Re: Bitcoin puzzle transaction ~32 BTC prize to who solves it
Mybe you interested in this unsolved 5btc puzzle from 2011 ? 😅
https://bitcointalk.org/index.php?topic=30122.0
Without sending BTC, the remaining characters cannot be predicted (they are randomly selected from the seed but remain unknown until revealed). You need to send 0.025 BTC each time, which is a ridiculous amount now. No Thanks.
Re: Bitcoin puzzle transaction ~32 BTC prize to who solves it
Are we really all out of ideas? How about this: Any thoughts on the old wallets that just woke up today (or yesterday)? Lots of BTC suddenly moving out of old wallets... Reminds me of some puzzles we're all trying to solve... And I'll take any crazy, long-shot speculation/discussion about how those wallets may have been hacked...
NOT Satoshi's wallets... I'm talking about Satoshi-era wallets (meaning from back in the day).
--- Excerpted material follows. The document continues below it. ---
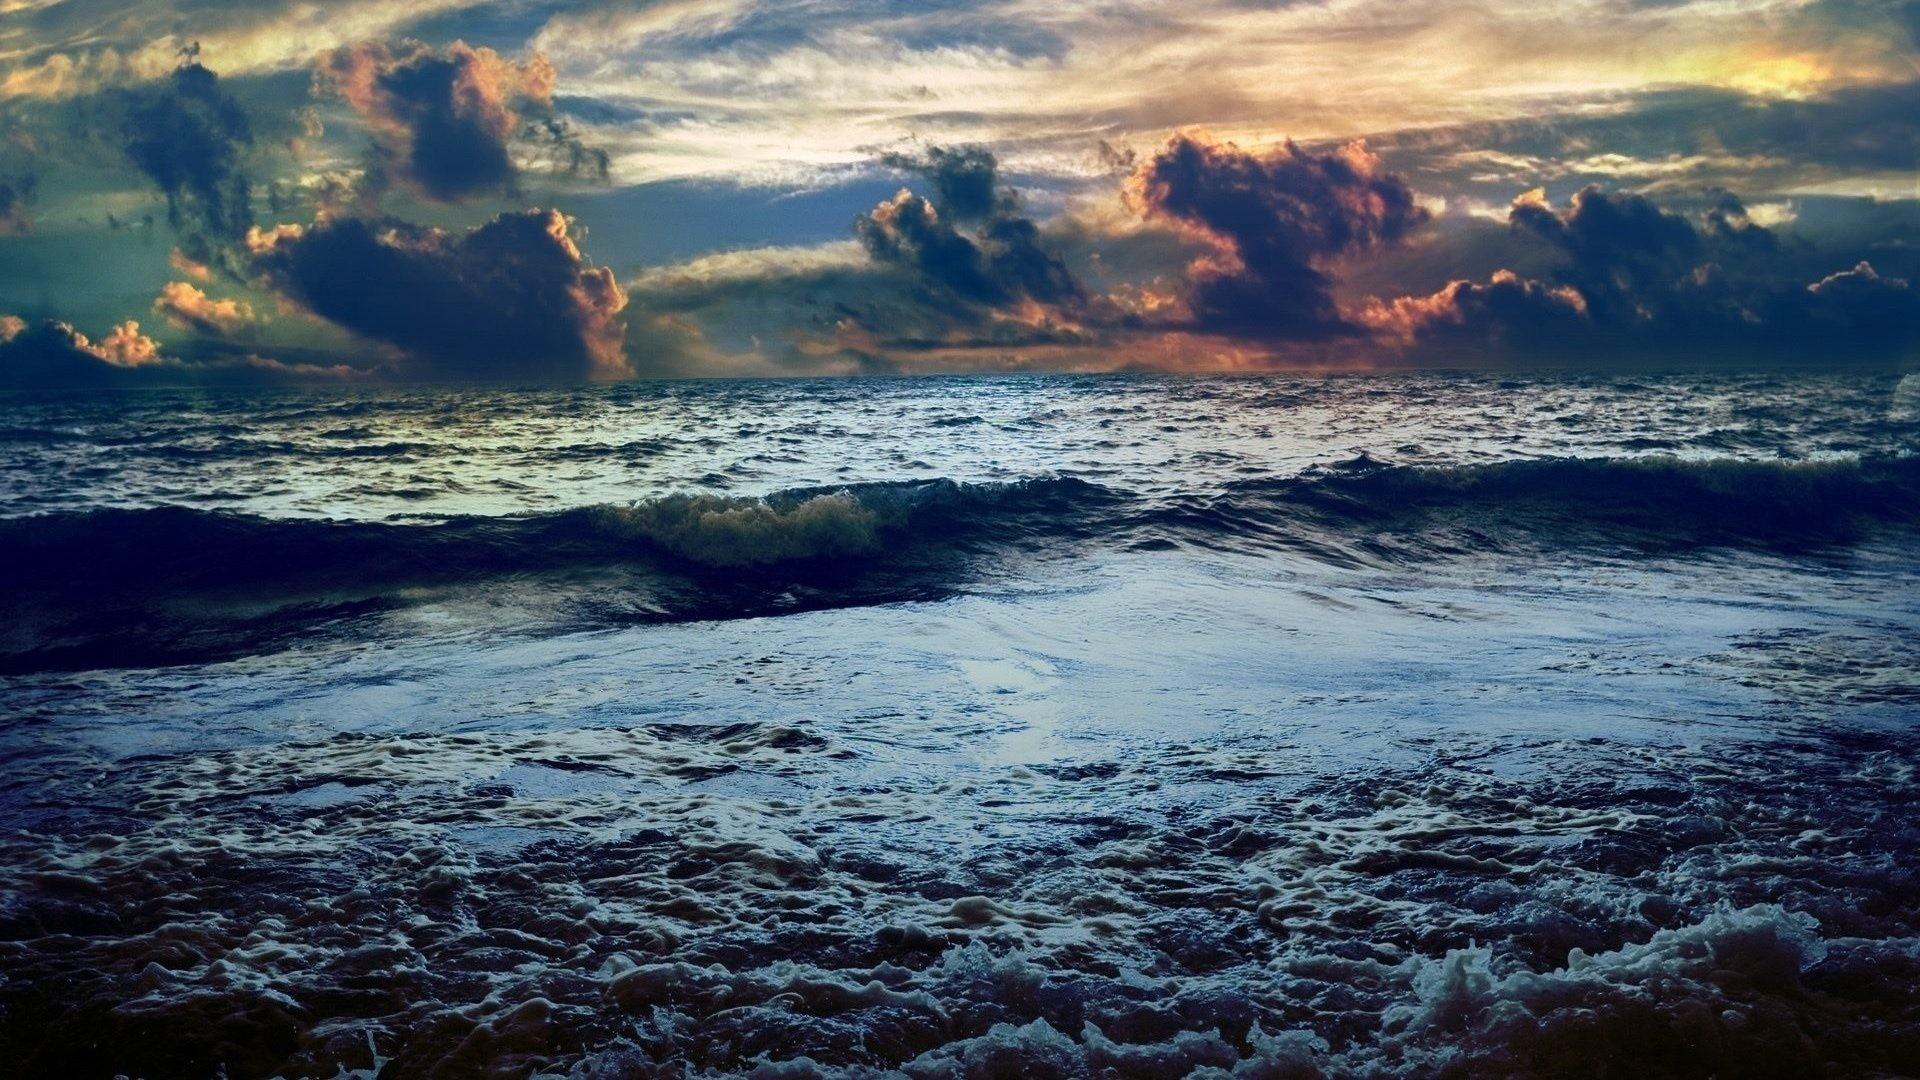 Storm Tag – Waves Beaches Clouds Storm Seascapes Nature Sea Ocean Sky  Horizon Sunrise Sunset Desktop

Most of those coins got consolidated from Legacy addresses to Bech32 addresses. Not sent to exchanges. I guess it’s a big deal to move your crypto to more secure wallets? Bunch of panic-sellers and FUD-spreaders overreacting online.
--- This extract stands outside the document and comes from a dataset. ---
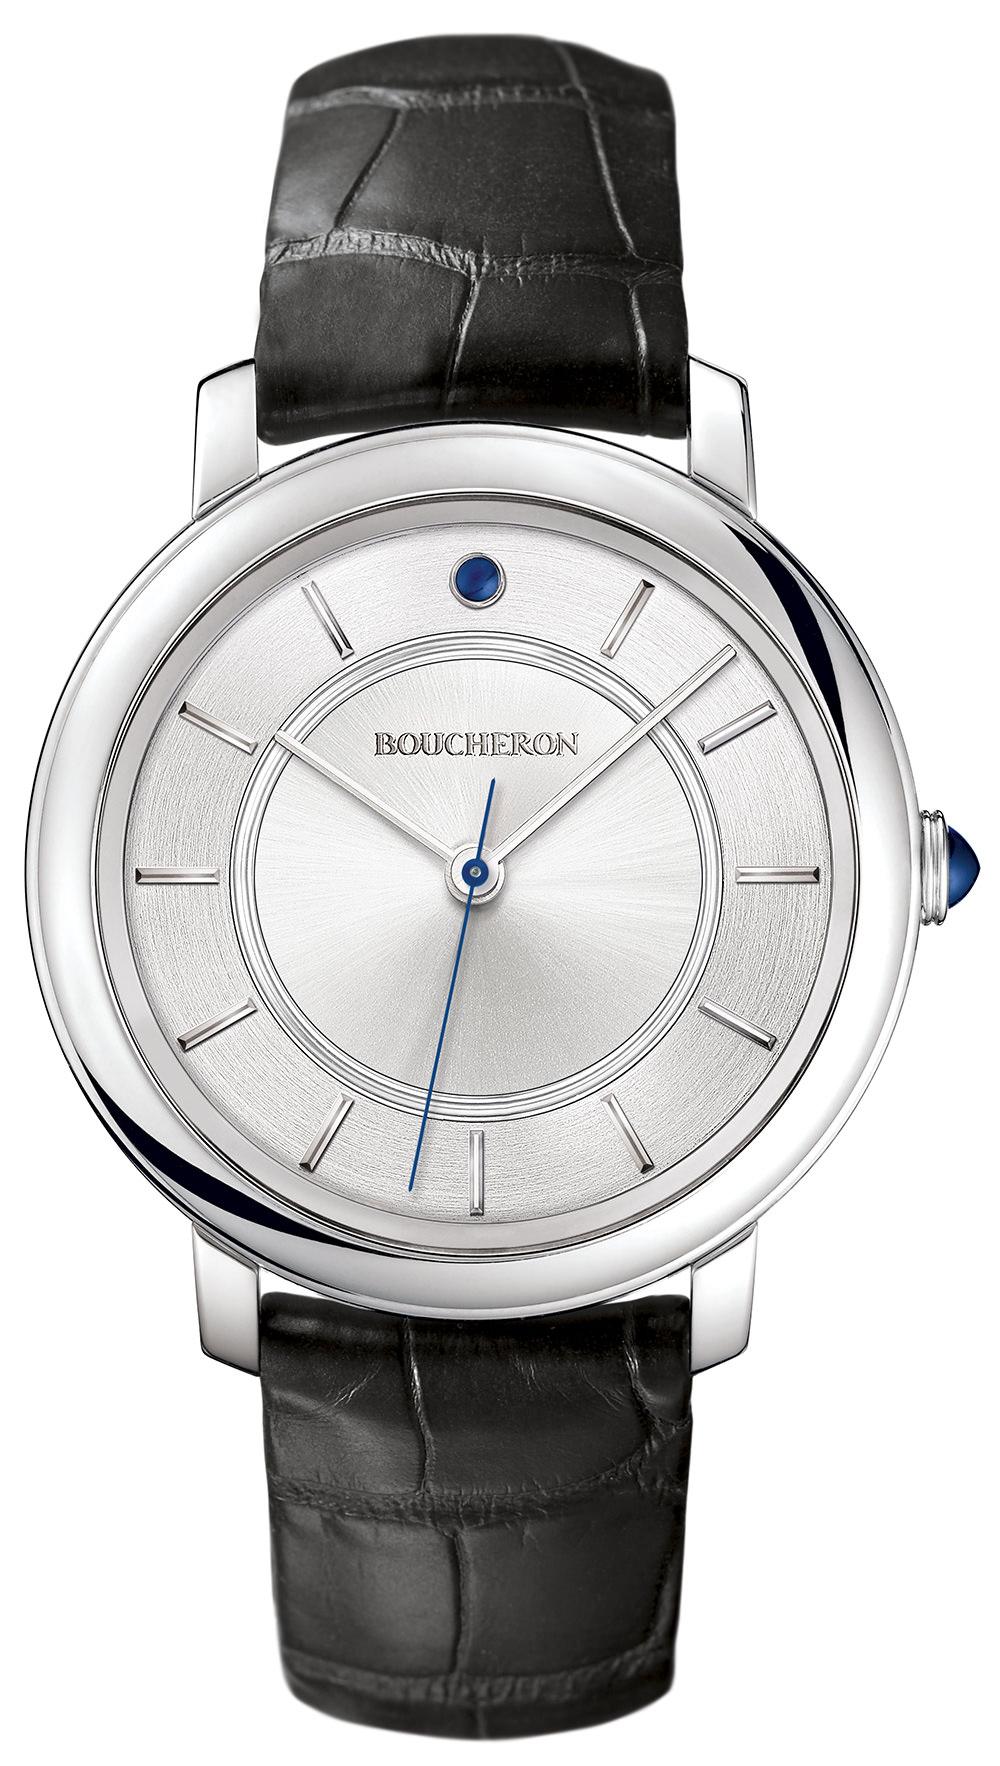 Reloj Epure Boucheron en oro blanco y 42mm

Re: Bitcoin puzzle transaction ~32 BTC prize to who solves it
the same dude?
Dude? Nah, she's a woman.
Re: Bitcoin puzzle transaction ~32 BTC prize to who solves it
All I mean to say is that I'm often tempted to try and figure-out the seed(s) used to generate the puzzle keys, as I think you've spent quite a lot of time doing... But every time I think about it, I have to remind myself that we just don't know enough / have enough data about where to start... Which version of which language was used, and which RNG (standard or cryptographic, Mersenne Twister or something else, etc) was used, or whether the rand was seeded once, before the loop with a static seed (like I tend to do, which I think is kind-of a common C# pattern) or again on every loop with a dynamically changing seed (the way the code you posted was), not to mention the seed's exact value itself, and who knows what other factors...
In 2015, a Puzzle BTC creator using Python + Electrum would likely have:
Generated keys via random.seed() (not PBKDF2/HMAC-SHA512).
Used WIF format (easily imported into Electrum using importprivkey) and ignored BIP-32/39.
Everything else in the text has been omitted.